Closed JaydevSR closed 1 year ago

JaydevSR commented 2 years ago

The following changes are made in the PR:

  1. The kwarg parallel is replace by n_threads throughout the library which can be used to specify the number of threads.
  2. Use of @floop instead of @threads for the use of n_threads .

Changes yet to be done:

JaydevSR commented 2 years ago

I am almost done with the find_neighbors reduction. It looks something like this:

function find_neighbors_floop(s::System,
                        nf::DistanceNeighborFinder,
                        current_neighbors=nothing,
                        step_n::Integer=0;
                        n_threads::Integer=Threads.nthreads())
    !iszero(step_n % nf.n_steps) && return current_neighbors

    if isnothing(current_neighbors)
        neighbors = NeighborList()
    else
        neighbors = current_neighbors
    end
    empty!(neighbors)

    sqdist_cutoff = nf.dist_cutoff ^ 2

    @floop ThreadedEx(basesize = length(s) ÷ n_threads) for i in 1:length(s)
        ci = s.coords[i]
        nbi = @view nf.nb_matrix[:, i]
        w14i = @view nf.matrix_14[:, i]
        for j in 1:(i - 1)
            r2 = sum(abs2, vector(ci, s.coords[j], s.boundary))
            if r2 <= sqdist_cutoff && nbi[j]
                nn = (i, j, w14i[j])
                @reduce(neighbors_list = append!(Tuple{Int, Int, Bool}[], (nn,)))
            end
        end
    end

    return append!(neighbors, neighbors_list)
end

The only thing that I wanted suggestions on is if I change the function to:

function find_neighbors_floop(s::System,
                        nf::DistanceNeighborFinder,
                        current_neighbors=nothing,
                        step_n::Integer=0;
                        n_threads::Integer=Threads.nthreads())
    !iszero(step_n % nf.n_steps) && return current_neighbors
    sqdist_cutoff = nf.dist_cutoff ^ 2

    @floop ThreadedEx(basesize = length(s) ÷ n_threads) for i in 1:length(s)
        ci = s.coords[i]
        nbi = @view nf.nb_matrix[:, i]
        w14i = @view nf.matrix_14[:, i]
        for j in 1:(i - 1)
            r2 = sum(abs2, vector(ci, s.coords[j], s.boundary))
            if r2 <= sqdist_cutoff && nbi[j]
                nn = (i, j, w14i[j])
                @reduce(neighbors_list = append!(Tuple{Int, Int, Bool}[], (nn,)))
            end
        end
    end

    return NeighborList(length(neighbors_list), neighbors_list)
end

This does exactly the same job as the previous version as the allocations are already made by @reduce and using append! on the current neighbor saves no time.

codecov[bot] commented 2 years ago

Codecov Report

Merging #76 (0e0129c) into master (63cb6d7) will decrease coverage by 0.36%. The diff coverage is 85.71%.
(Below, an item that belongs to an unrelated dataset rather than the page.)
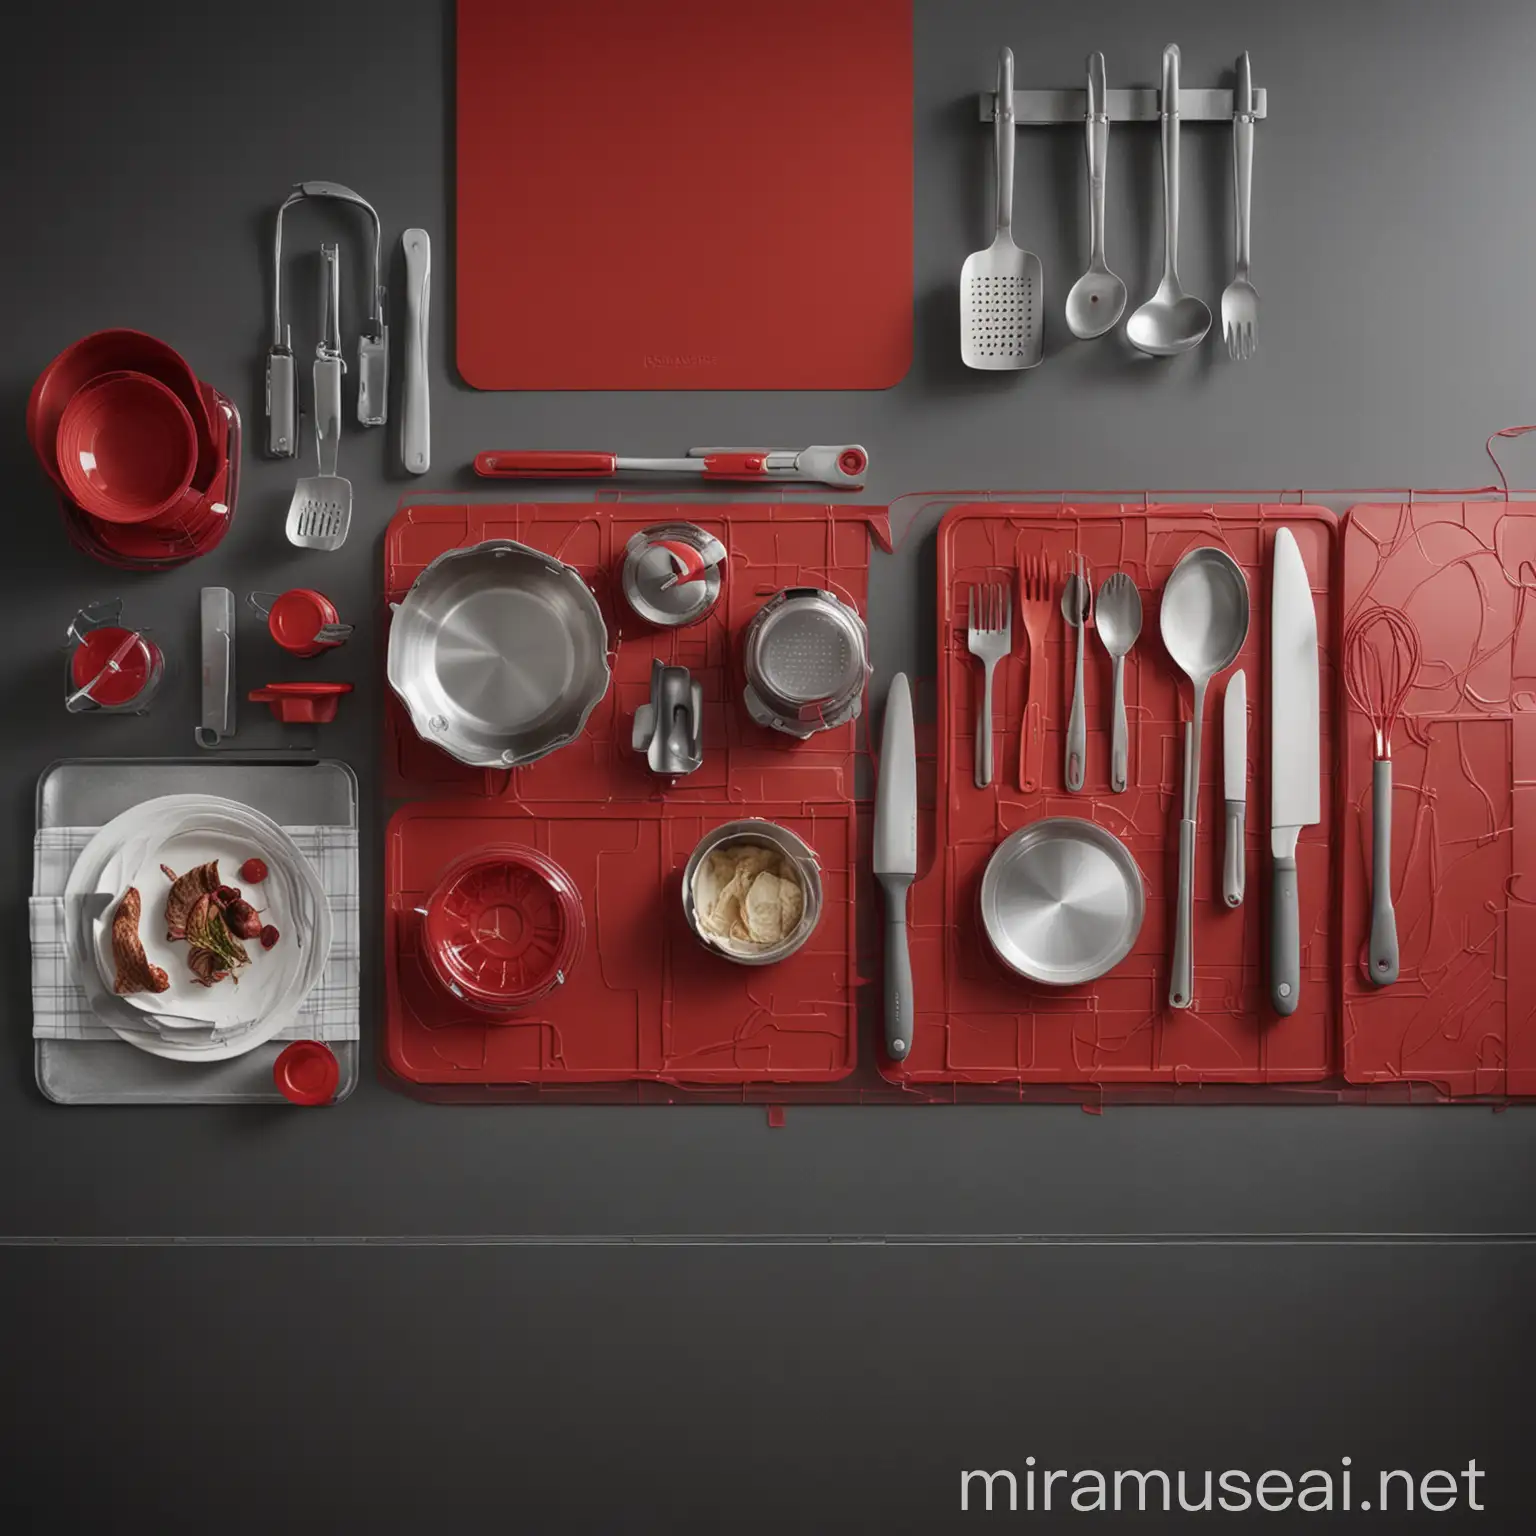 Create a moodboard showcasing a couple cooking together at home, using a vibrant palette of metallic red and gray tones. Incorporate high-quality plastic products and soft lines, emphasizing modern technological elements and security features for a sense of innovation and simplicity.

@@            Coverage Diff             @@
##           master      #76      +/-   ##
==========================================
- Coverage   86.24%   85.87%   -0.37%     
==========================================
  Files          30       30              
  Lines        3127     3116      -11     
==========================================
- Hits         2697     2676      -21     
- Misses        430      440      +10     
Impacted Files Coverage Δ
src/Molly.jl 100.00% <ø> (ø)
src/types.jl 88.17% <0.00%> (-8.61%) :arrow_down:
src/force.jl 83.05% <38.46%> (-2.92%) :arrow_down:
src/loggers.jl 95.68% <86.66%> (ø)
src/neighbors.jl 91.89% <100.00%> (+0.48%) :arrow_up:
src/simulators.jl 99.39% <100.00%> (ø)

Continue to review full report at Codecov.

Legend - Click here to learn more Δ = absolute <relative> (impact), ø = not affected, ? = missing data Powered by Codecov. Last update 63cb6d7...0e0129c. Read the comment docs.
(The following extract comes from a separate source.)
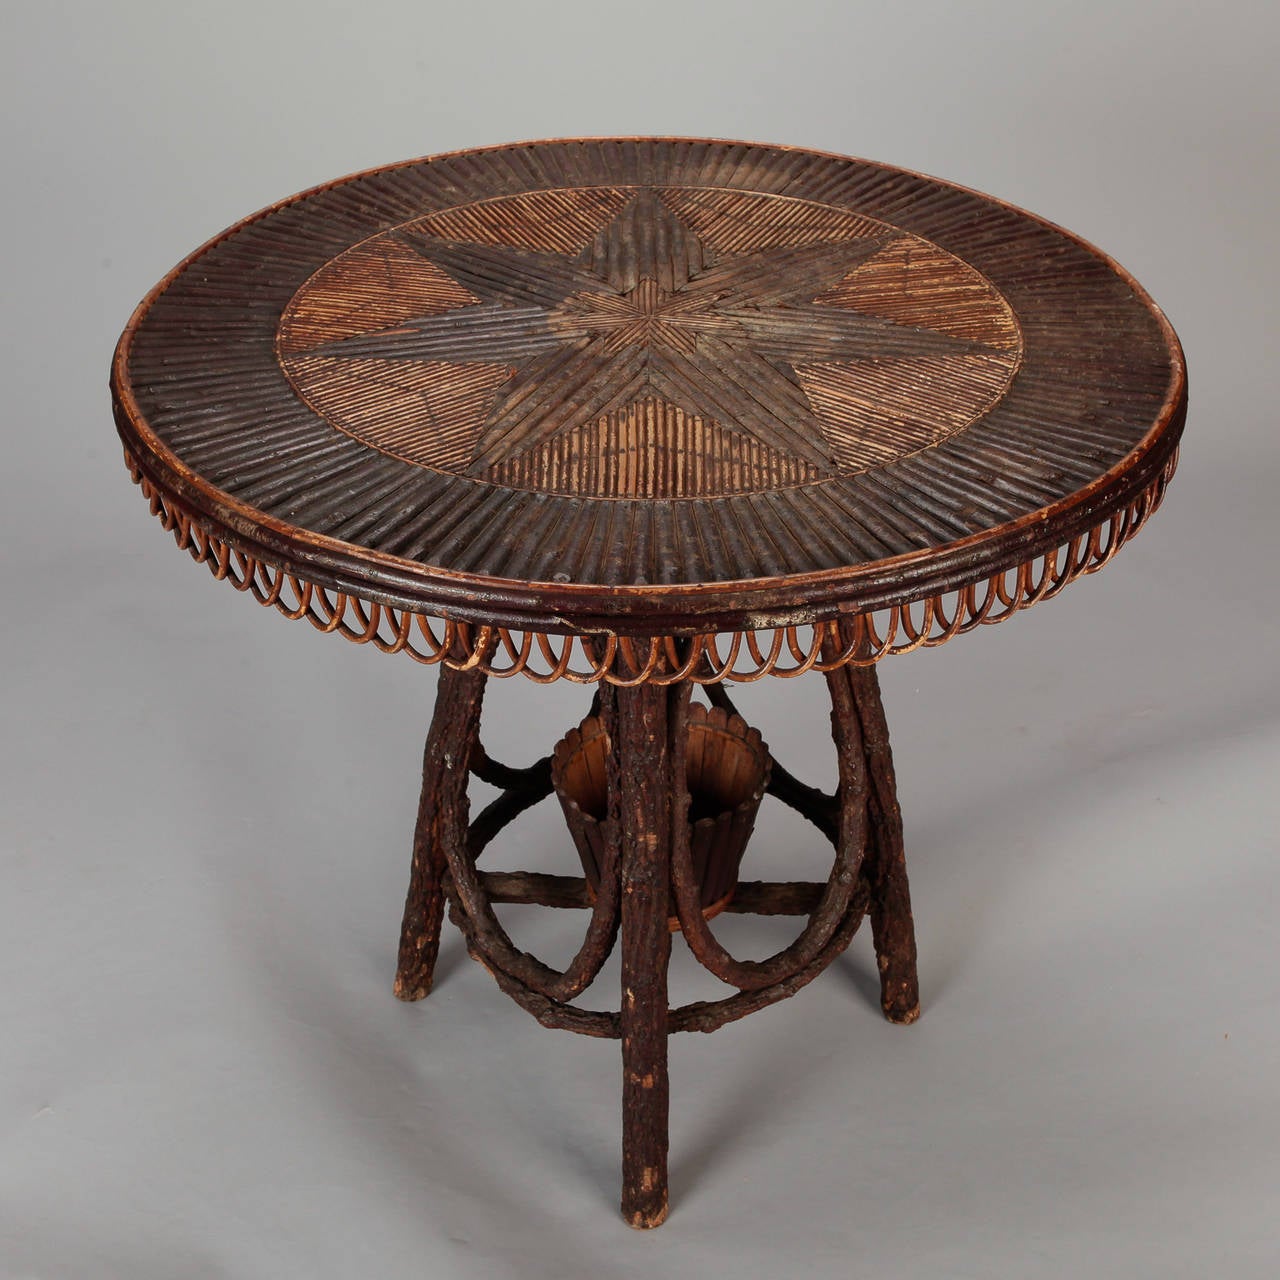 French Round Bent Willow Twig Table With Star Design Inlay At 1stdibs

jgreener64 commented 2 years ago

Looks great. Yes that change to find_neighbors is fine. I would prioritise the forces reduction over find_neighbors and TimeCorrelationLogger since that sees the most use.

It would be useful to see if the benchmark results change with these changes. This would involve running benchmark/benchmarks.jl (instructions at the top of the file) and benchmark/protein.jl (which is just a script) on a machine with multiple cores with and without this PR. As long as performance doesn't drop then it's fine. Don't worry about the GPU benchmarks.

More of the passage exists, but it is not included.